With the growth of cloud native (where are the next five years of cloud native?) , the industry needs a unified event definition and description specification to provide cross-service, cross-platform interaction capabilities. The CloudEvents event specification has emerged and is receiving a lot of attention from the industry, including major cloud providers and SaaS companies. The introduction, specification and practice of CloudEvent will be explained in three series articles. This article is “CloudEvent Trilogy: Practice”.

I. Product access

scenario

Serverless is an event-driven function computing service. By using function computing products, functions run in an elastic, operation-free and highly reliable manner. Users can focus more on the writing of function codes without purchasing and maintaining servers and other infrastructure. CloudEvents has been widely used in function computing. For third-party services to access function computing services, it is necessary to use CloudEvents message passing data conforming to the CloudEvents specification to facilitate function computing platforms to distribute and filter messages of third-party services. Meanwhile, due to the universality of the specification, Third party services can be seamlessly adapted to various Cloudevents-compliant platforms.

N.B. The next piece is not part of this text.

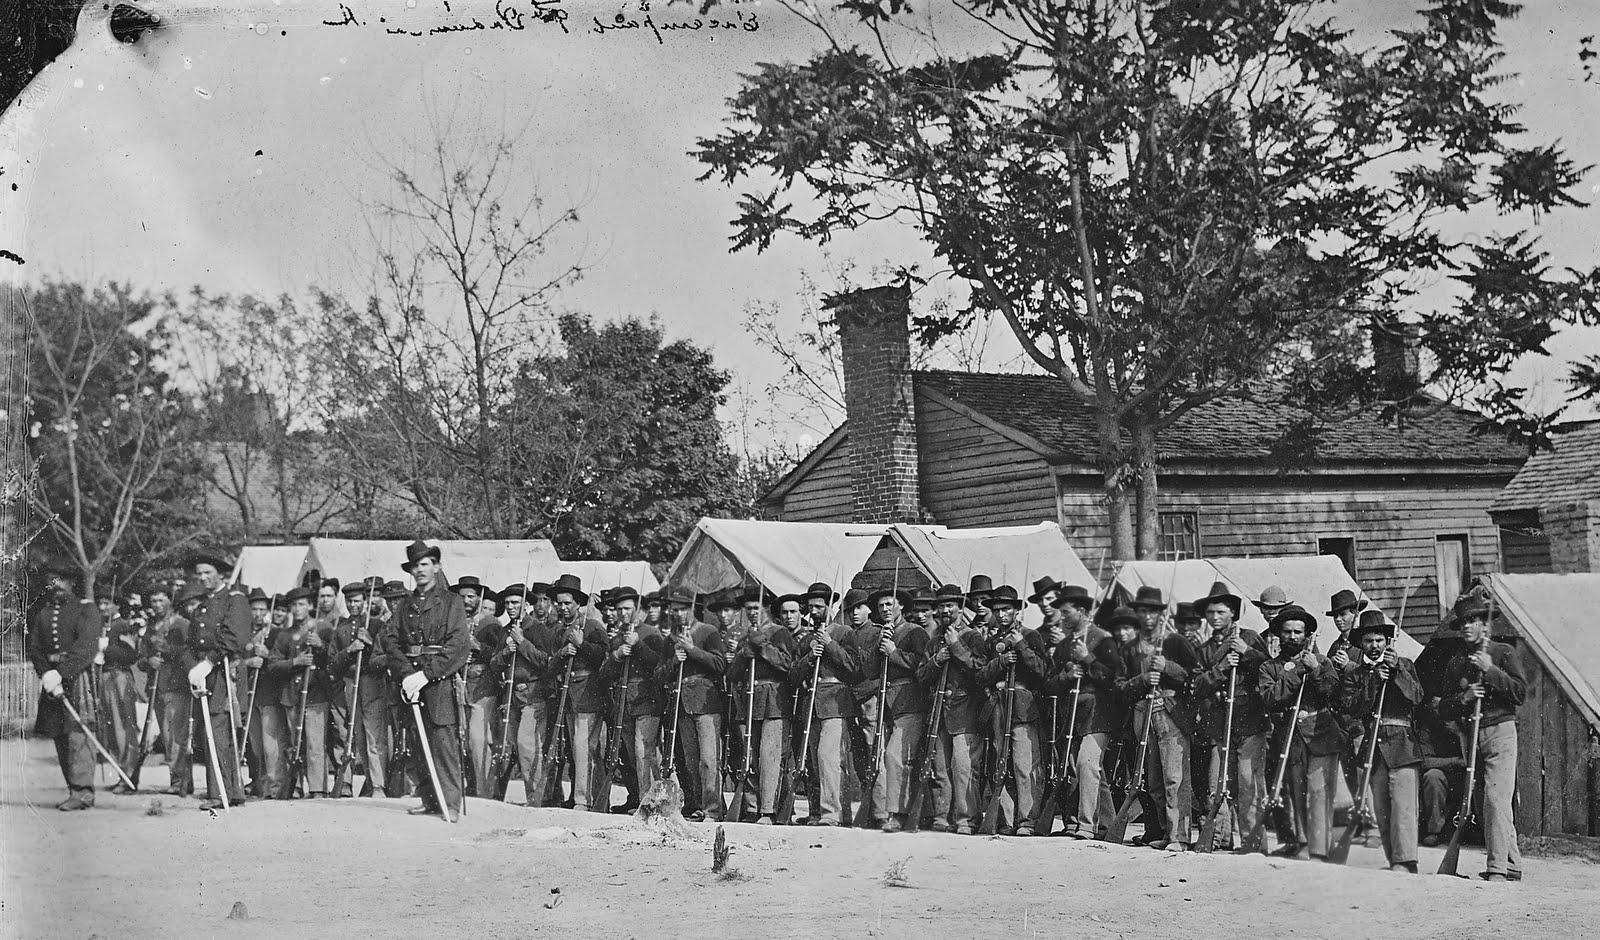 pennsylvania army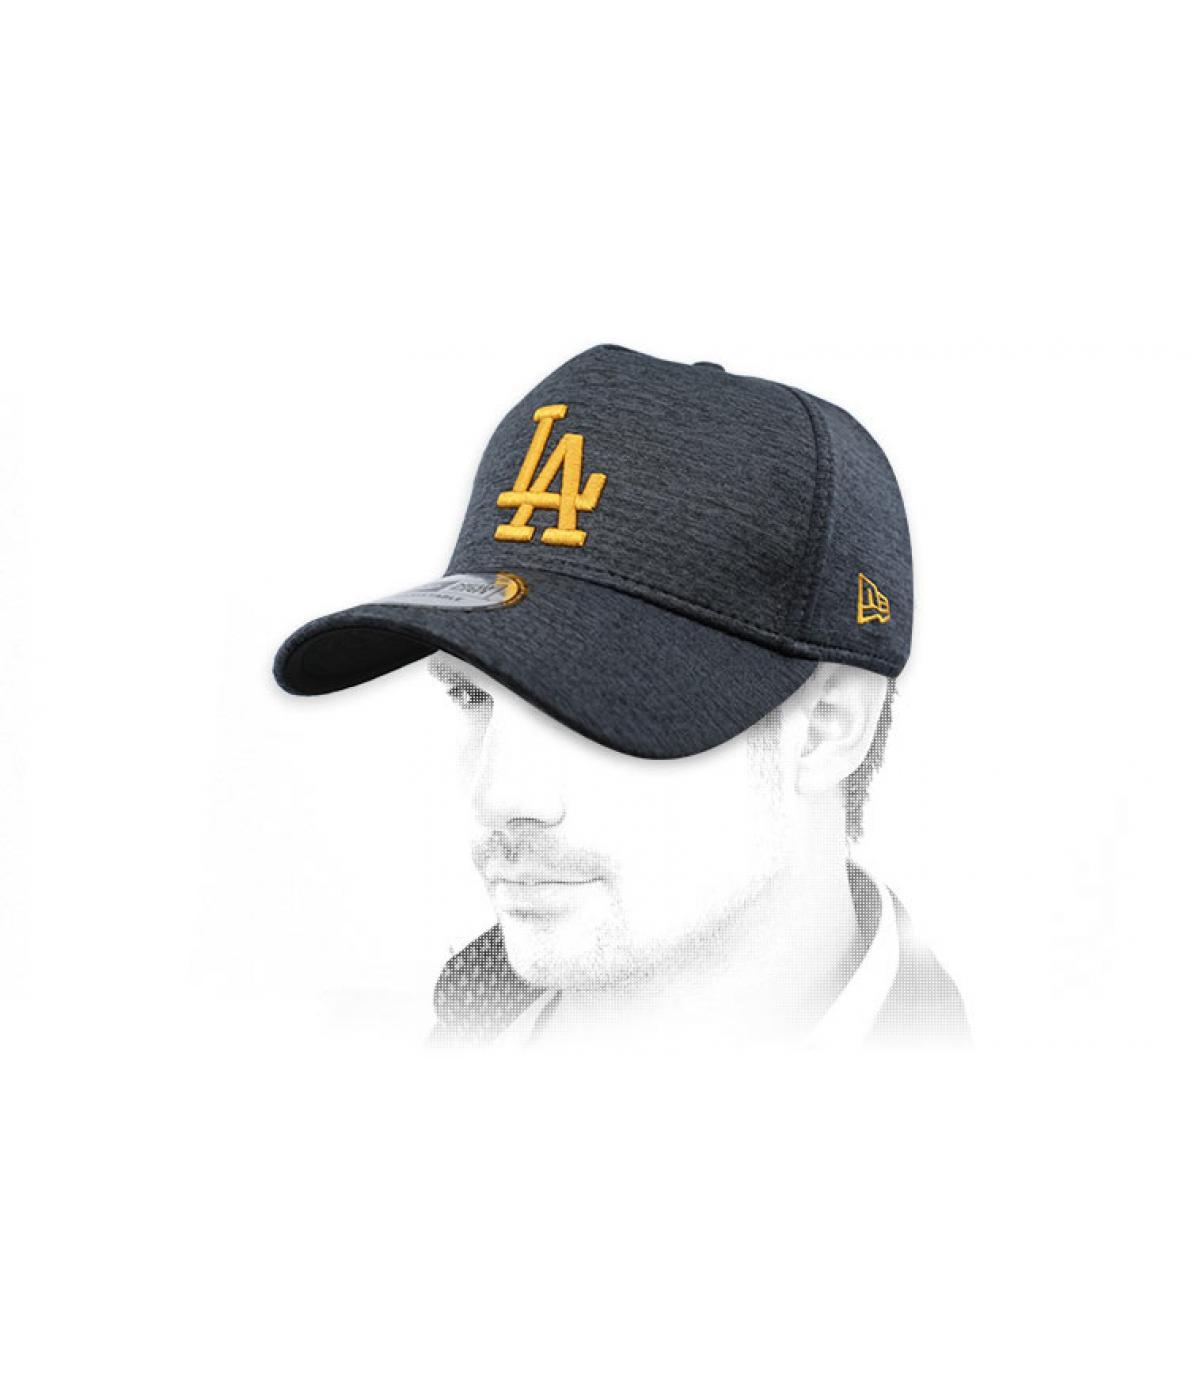 gorra LA negro amarillo

In addition, messaging products (e.g., message queues, message services, event buses, etc.) can also support the CloudEvents specification and unify the event standard of the cloud to accelerate the integration of the cloud native ecosystem.

The development of

Building a CloudEvent typically requires the use of CloudEvents’ software Development Kit (SDK), which greatly facilitates integrated development. Until the release of CloudEvents V1.0 specification, The CloudEvents team supports and maintains the following six SDKS:

  • CSharp
  • Go SDK
  • Java SDK
  • JavaScript SDK
  • Python SDK
  • Ruby SDK

Here are some examples of using Go, Python SDK to construct CloudEvent 1.0 compliant message receiving and sending, HTTP/JSON request conversion, etc.

Golang

  1. Access to rely on

Go get github.com/cloudevents/sdk-go/[email protected]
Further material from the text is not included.